Теперь он шёл домой. Половину долга он уже отдал. У него было хорошее настроение. Он шёл из кафе, где сидел с давней знакомой по литературному семинару одного филологического факультета. Девушка Варвара была в шоке, что он теперь порнограф. Сама она была корректором и верстальщиком в одной газете. «Как тебе не стыдно! Это же подростки читают, а потом к шлюхам идут!» — «Попишу и перестану, жду вот-вот богатым стану и тогда начну опять я законы соблюдать. Отдам долг и брошу это дело!» — «И чем дальше зарабатывать будешь?». Эдуард об этом как-то не думал. Он спросил: «Может, ты мне работу найдёшь?! Пристроишь меня к себе». «Можешь устроиться рабочим в типографию, посмотришь, как из бумаги делаются книги». Эдуард согласился, скрепя сердцем, ведь в душе он был всё-таки какой-никакой писатель.

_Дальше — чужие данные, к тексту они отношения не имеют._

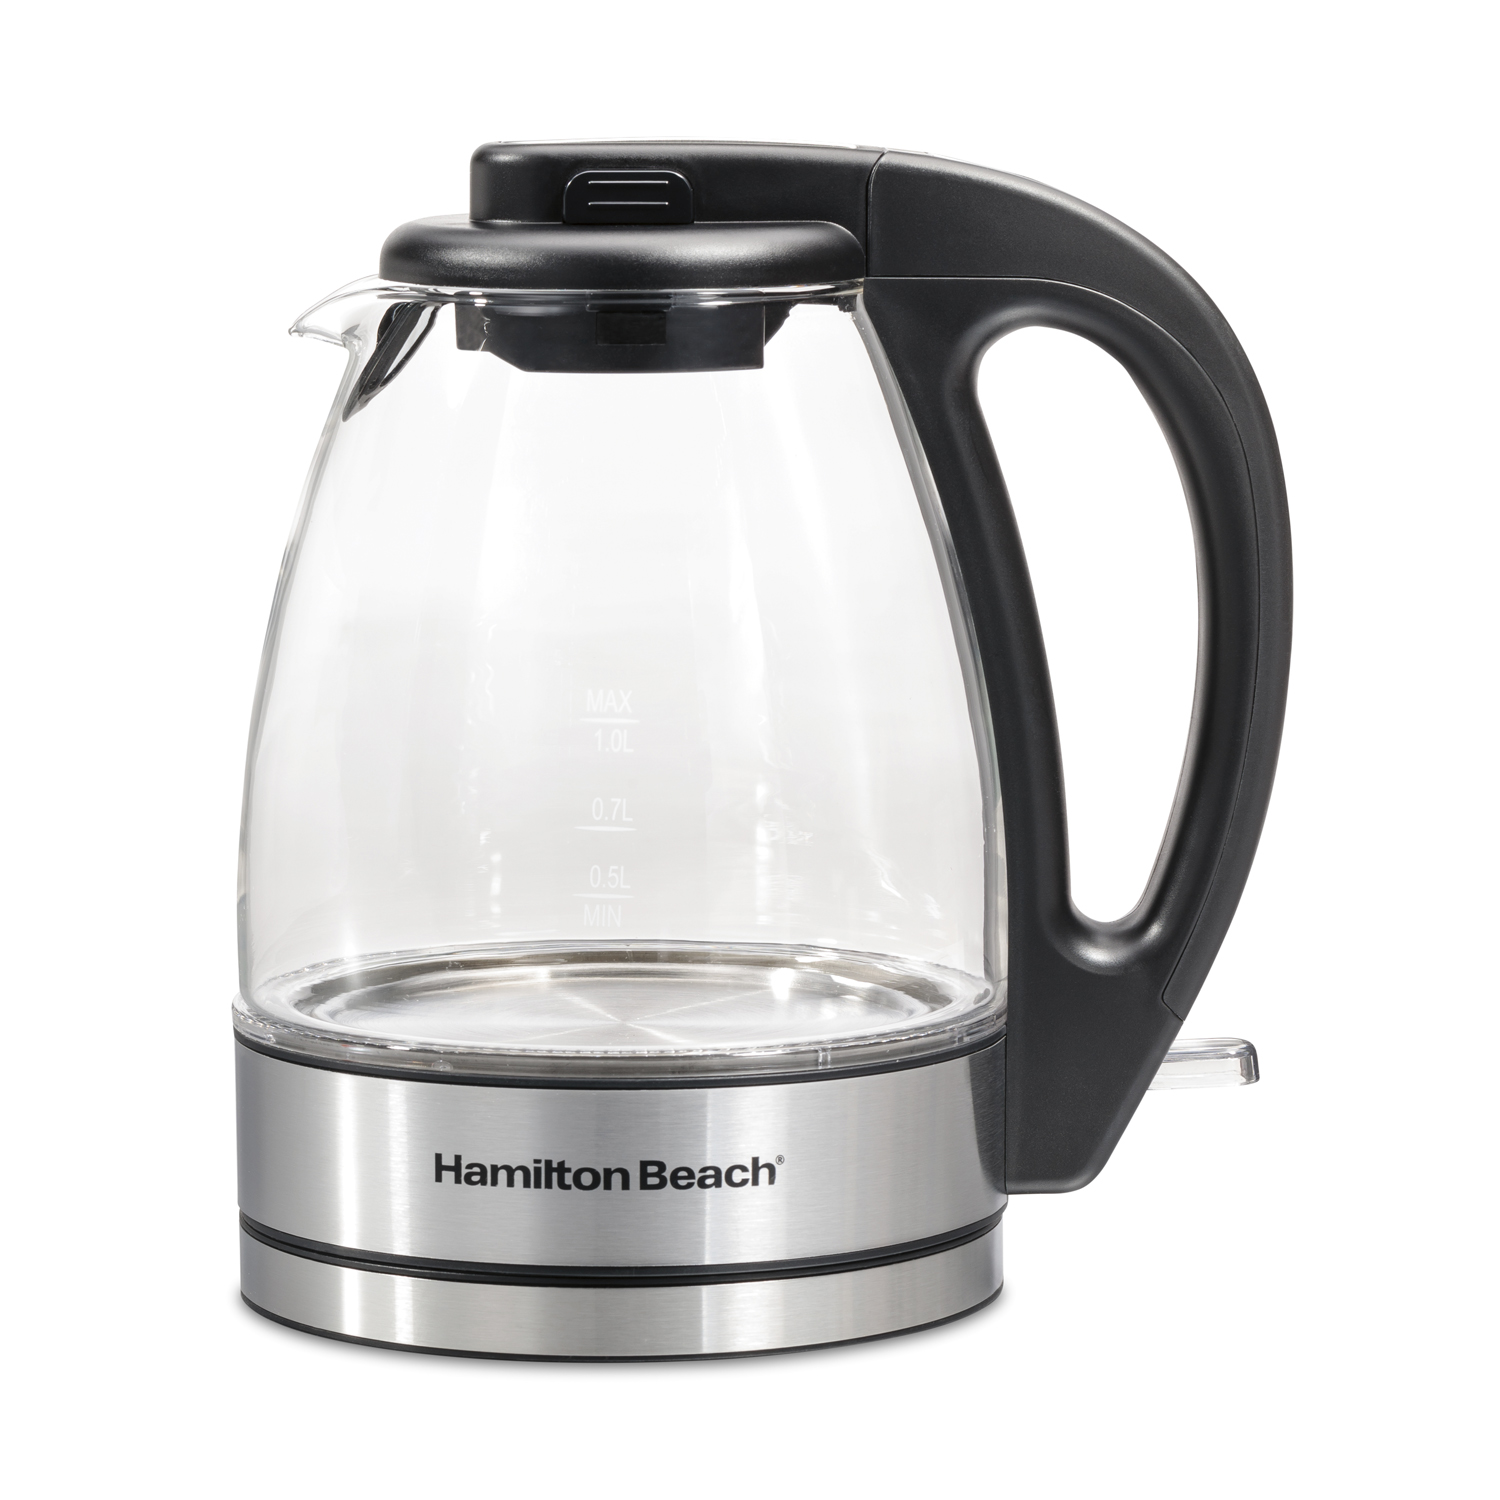  Hamilton Beach 1.7L Electric Tea Kettle, Water Boiler & Heater,  Built-In Mesh Filter, Auto-Shutoff & Boil-Dry Protection, Cordless Serving,  Variable Temp, LED Indicator, Clear Glass (40941R): Home & Kitchen

В типографии было не легко. Сначала верстальщик делает макет, потом печатаются все листы первой страницы тиража, потом второй и т.д. Потом листы сортируются и кладутся так, как будет в книге. Потом листы зажимали в тиски, сшивались ниткой и склеивались. Последней приделывалась обложка. Сортировать в правильном порядке тысячный тираж было издевательством. Писатель, живший в раю воображения, попал в ад книжного производства. Верстальщик из него тоже не вышел: Эдуард «не дружил» с техникой, был свободен от техники, чем очень гордился. В типографии Эдуард продержался не более двух недель.
Эдуард: Я не могу, это ад! Я хочу писать, что-нибудь, но писать, я больше ничего не умею!
Варя: попробуй работать учителем в школе: веди литературу и русский язык.
Так Эдуард и поступил. Но и тут проработал он недолго. Директору школы попал в руки экземпляр того журнала, где печатался Эдуард, не скрываясь за псевдонимом. «С таким «послужным списком» я не могу допустить Вас до детей, Вы уволены». «Какая беспечность!» — подумал писатель.
2.
Эдуард бы и снова начал писать порнографические рассказы («новеллы о любви»), но те журналы, где он печатался, закрыли. Тогда он действительно перешёл на новеллы, где кроме секса есть ещё и любовный сюжет. Одна его книжка, выпущенная тиражом 1000 экземпляров, стоила 50 рублей. Эдуарда читали неохотно. Писал он о загранице: о Париже, Лондоне, Нью-Йорке, о городах победившей сексуальной революции. Его герои не были русскими. Эдуард вдохновлялся порнографией в Интернете. Варя снова начал его ругать:
«Жалкий развратитель! Зря тебя письму учили на семинаре! Если бы знали, что из тебя выйдет, тебя выгнали бы с семинара! Пошляк!»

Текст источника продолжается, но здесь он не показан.